## Task to complete
Please repeat the listing below exactly, but do not include its pictures.

## Information shown
= Beginning of Section =

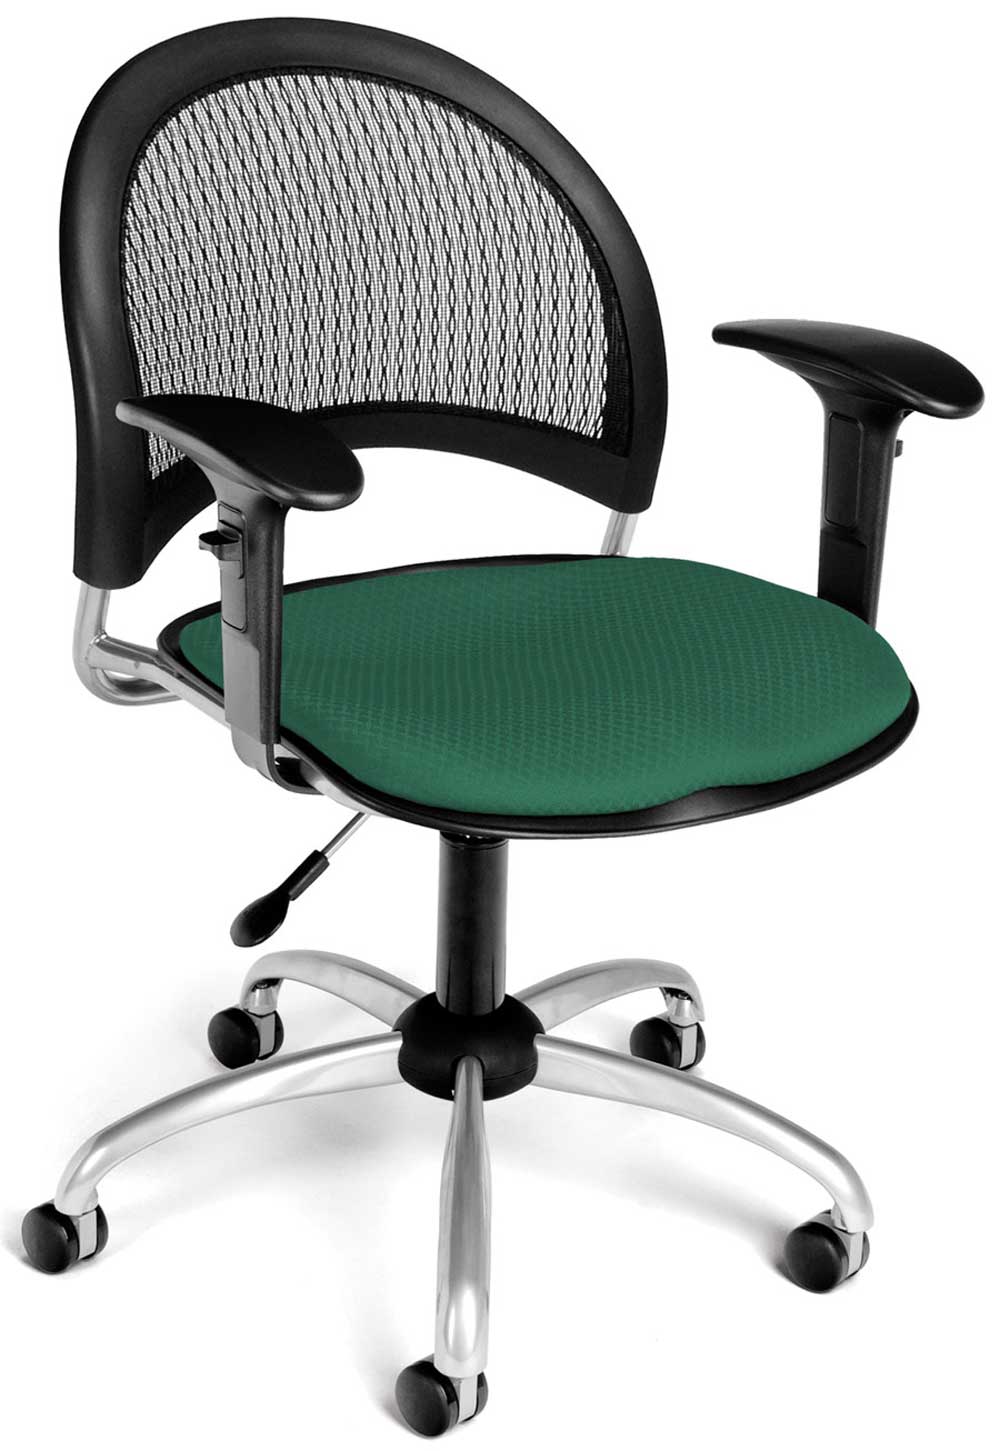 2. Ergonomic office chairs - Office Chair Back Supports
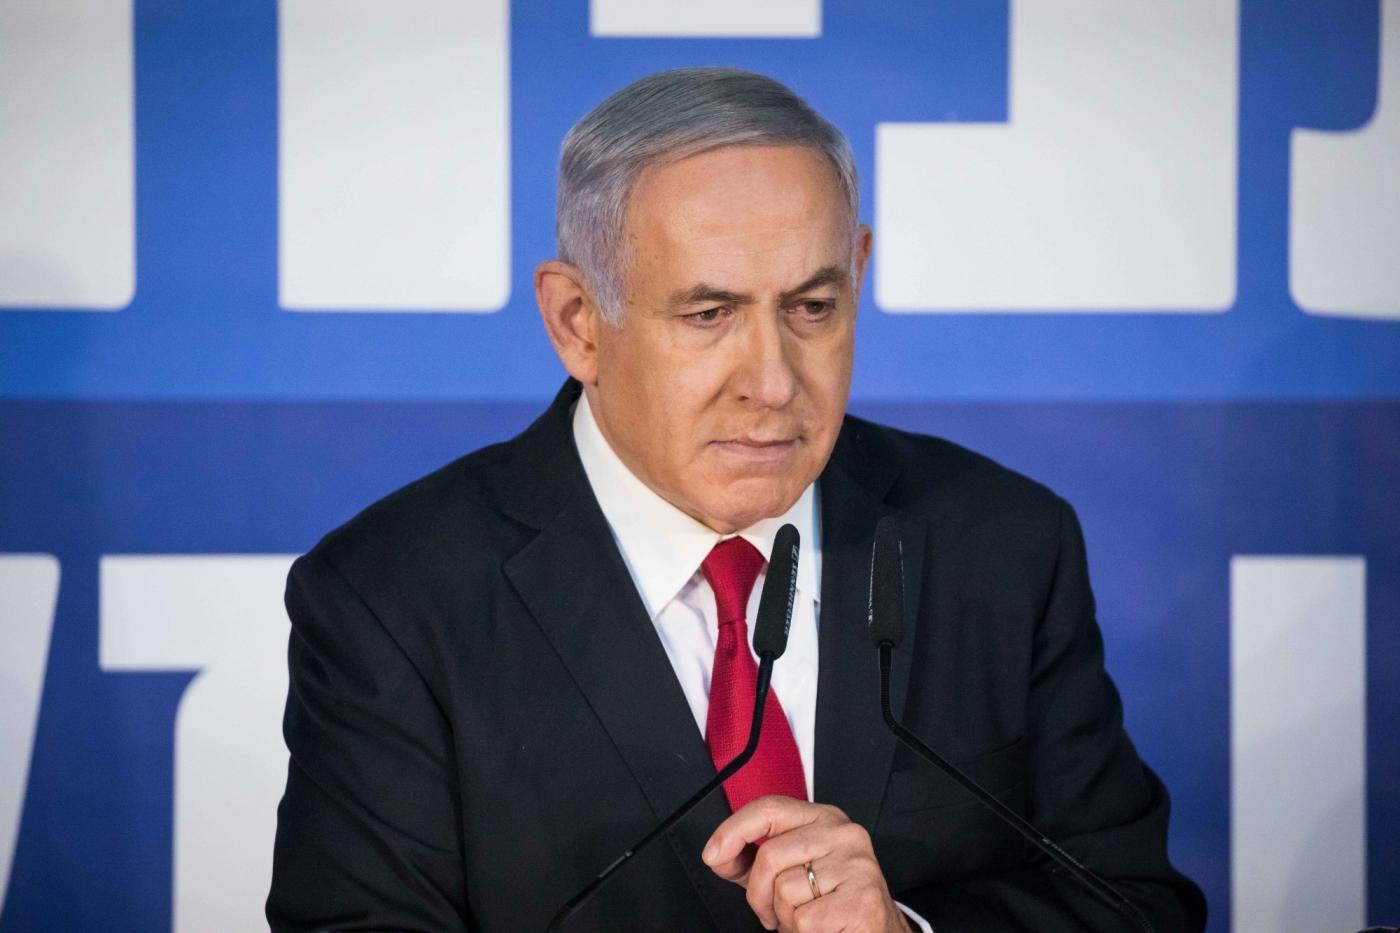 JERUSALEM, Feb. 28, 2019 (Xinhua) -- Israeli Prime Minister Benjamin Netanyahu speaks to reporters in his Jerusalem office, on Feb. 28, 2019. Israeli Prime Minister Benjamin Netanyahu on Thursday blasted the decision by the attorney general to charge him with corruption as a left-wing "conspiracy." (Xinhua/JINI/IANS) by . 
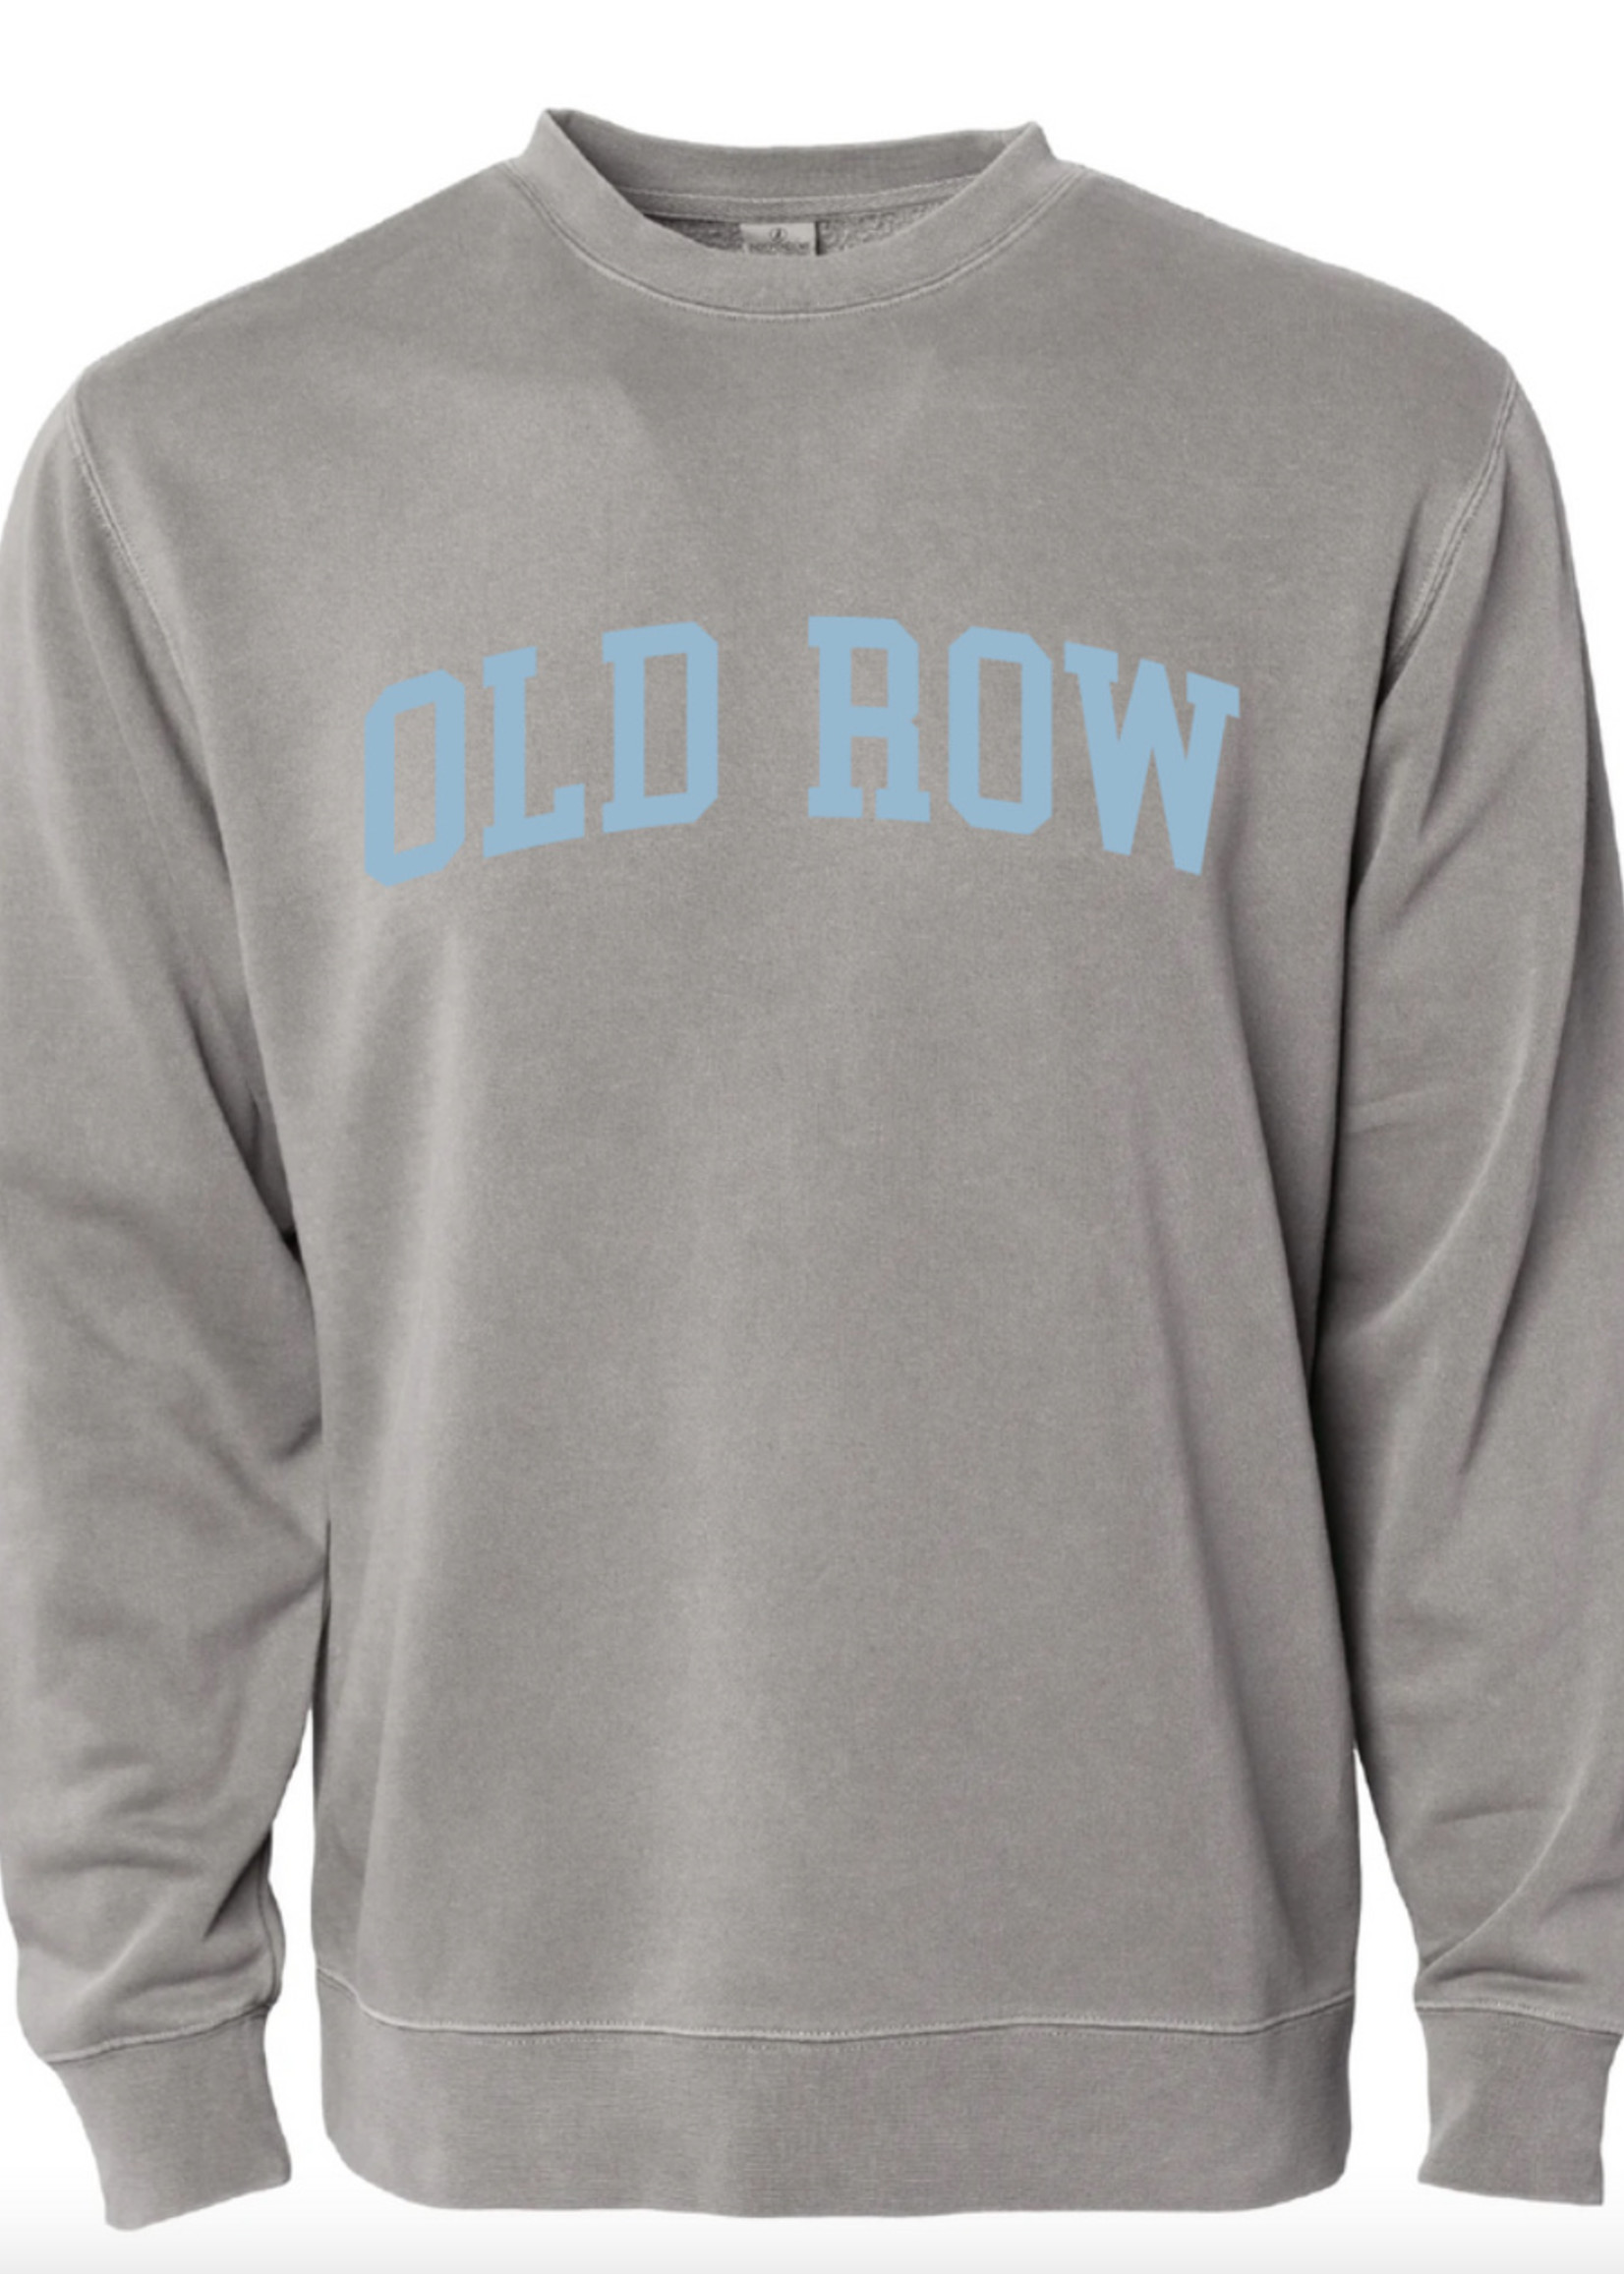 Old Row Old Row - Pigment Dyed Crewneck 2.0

= End of Section =

## Solution for this exercise
 2. Ergonomic office chairs - Office Chair Back Supports
 JERUSALEM, Feb. 28, 2019 (Xinhua) -- Israeli Prime Minister Benjamin Netanyahu speaks to reporters in his Jerusalem office, on Feb. 28, 2019. Israeli Prime Minister Benjamin Netanyahu on Thursday blasted the decision by the attorney general to charge him with corruption as a left-wing "conspiracy." (Xinhua/JINI/IANS) by . 
 Old Row Old Row - Pigment Dyed Crewneck 2.0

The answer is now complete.